There has been some development in the marketplace. You have CeleCor's zalunfiban with recent data. How are you thinking about probability of success and just the overall market development given zalunfiban's success, decreasing the odds of a major adverse composite clinical endpoint compared with placebo in one month? Maybe you can talk to that.
Yeah. I think I see this as a strong proof of concept for selatogrel. I mean, there's obviously, and as has been pointed out externally, a number of issues with that study. I think what we've learned is that early platelet inhibition, that concept, which is the same we're using for selatogrel, leads to a risk reduction in those patients. They ended up having a 21% risk reduction overall, which is what we sized our study to be for selatogrel. I think this bodes well for the success of selatogrel. I think what I would point out, what's interesting in their data is the fact that from onset of symptoms to treatment, it was about 90 minutes, nine-zero. What we're targeting for selatogrel and what we're seeing is that treatment is within 30 minutes for selatogrel, so much earlier than what you saw with this drug.
The other data point I think is important is between the time of treatment to the time of PCI, it was about 50 minutes, which was very short and gives very little time for the drug to differentiate versus placebo. It will be much longer for selatogrel. In short, I think this study increased our probability of success. It is a strong proof of concept. It solidifies our assumptions. We feel good about the potential outcome of that study.
Okay. That's helpful. I wanted to move along and talk about your fast-acting meloxicam product. First, where do you stand with the filing on that and your expectation for the review cycle? Is an accelerated review for the product possible?

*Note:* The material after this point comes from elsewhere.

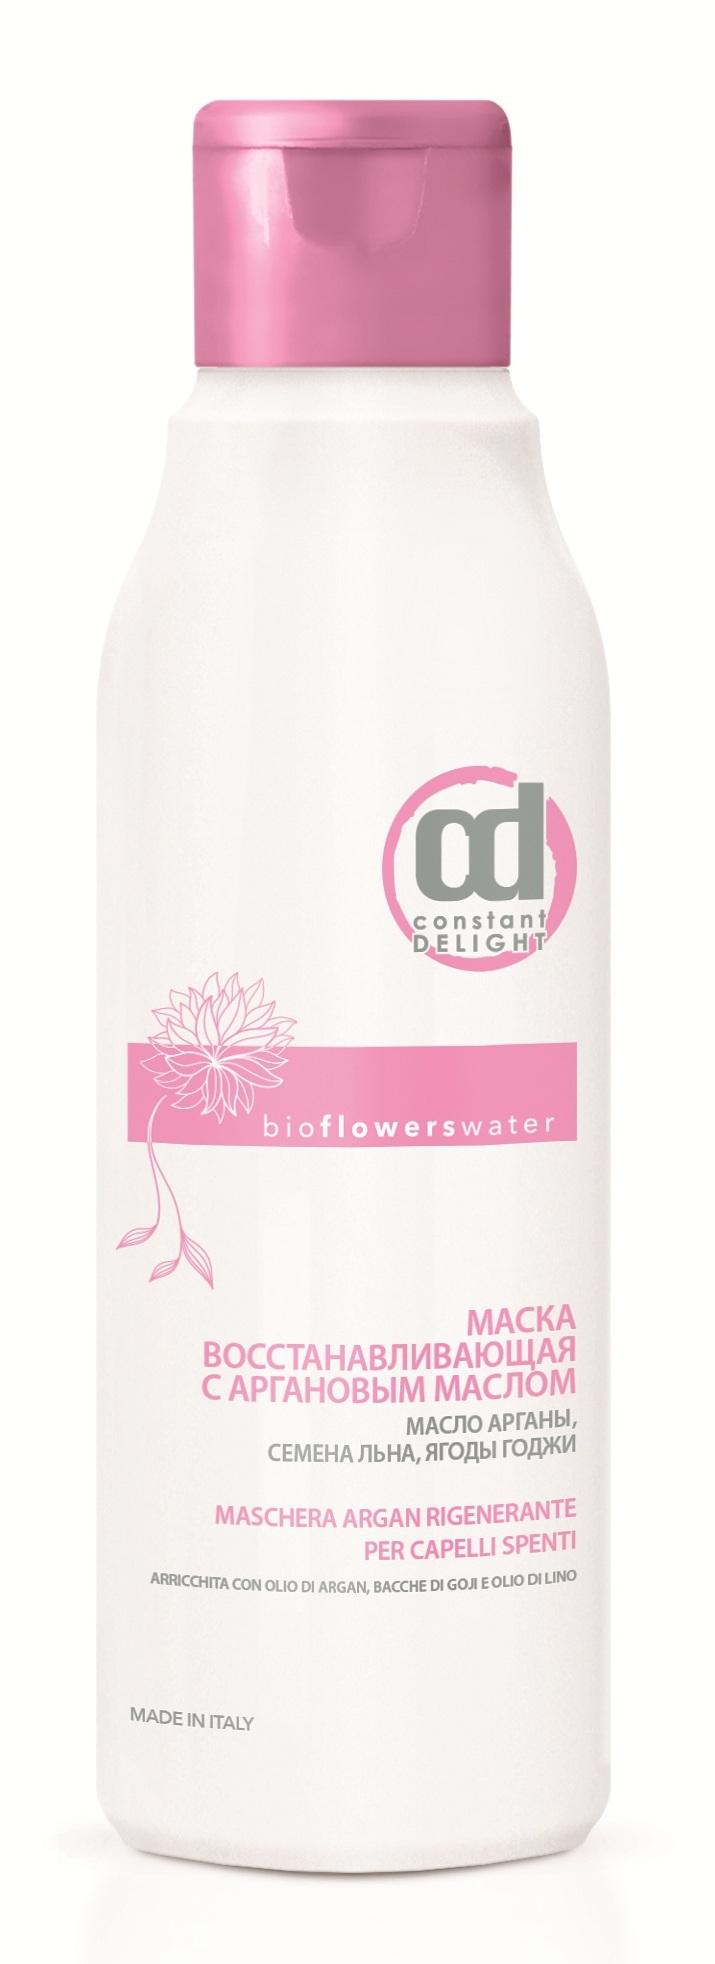 Купить CONSTANT DELIGHT Маска восстанавливающая с аргановым маслом для волос / BIO FLOWER 250 мл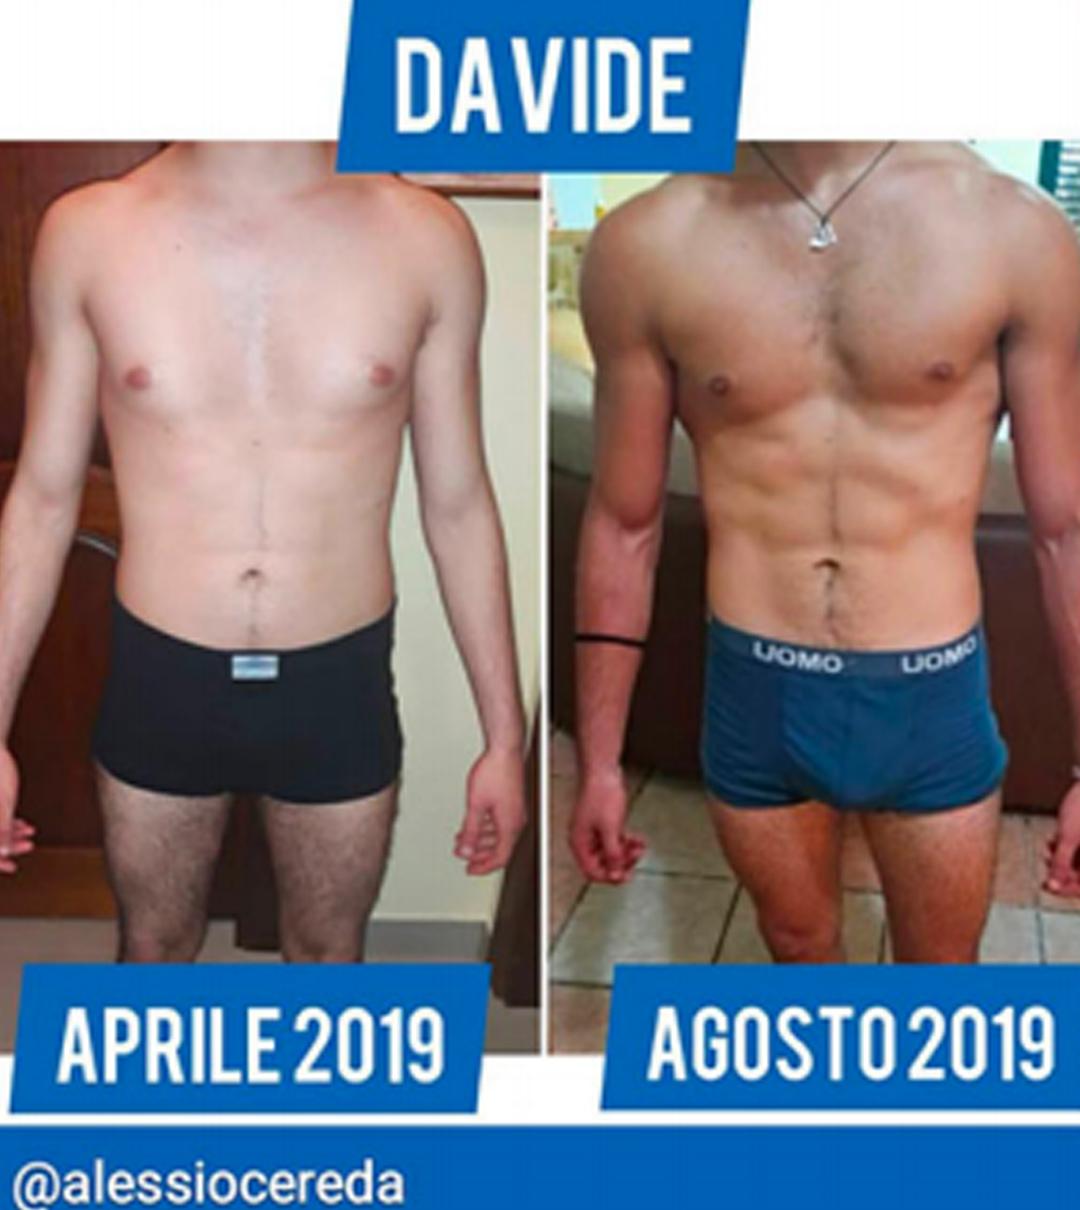 DAVIDE CROTONE

Yeah. We are scheduling a meeting with the agency, a pre-NDA meeting. We expect it over the next few weeks. That discussion will have a couple of key discussion points there. One of them is timing of filing and ability for the FDA to grant us accelerated review. We'll be discussing that with them. We'll also be discussing our approach to the label a little bit, specifically around opioid sparing because our data is very strong, and we follow their guidance and recommendations during the development to get to language in the label around opioid sparing. These will be the two key discussion points with the agency. Depending on the timing of this meeting, we'll be able to file shortly thereafter, so either end of the year or early next year.
I wanted to take a step back on the meloxicam product. This is obviously a very well established NSAID. And certainly, it's important to have more non-opioid alternatives. Help us understand how you're thinking about the use cases or potential use cases here. In other words, are you thinking about it for mainly acute pain? Is it post-operative pain? Is this going to be a hospital product? Is this going to be an office-based product? Help us just understand. It might be all those things, but how do you think about that?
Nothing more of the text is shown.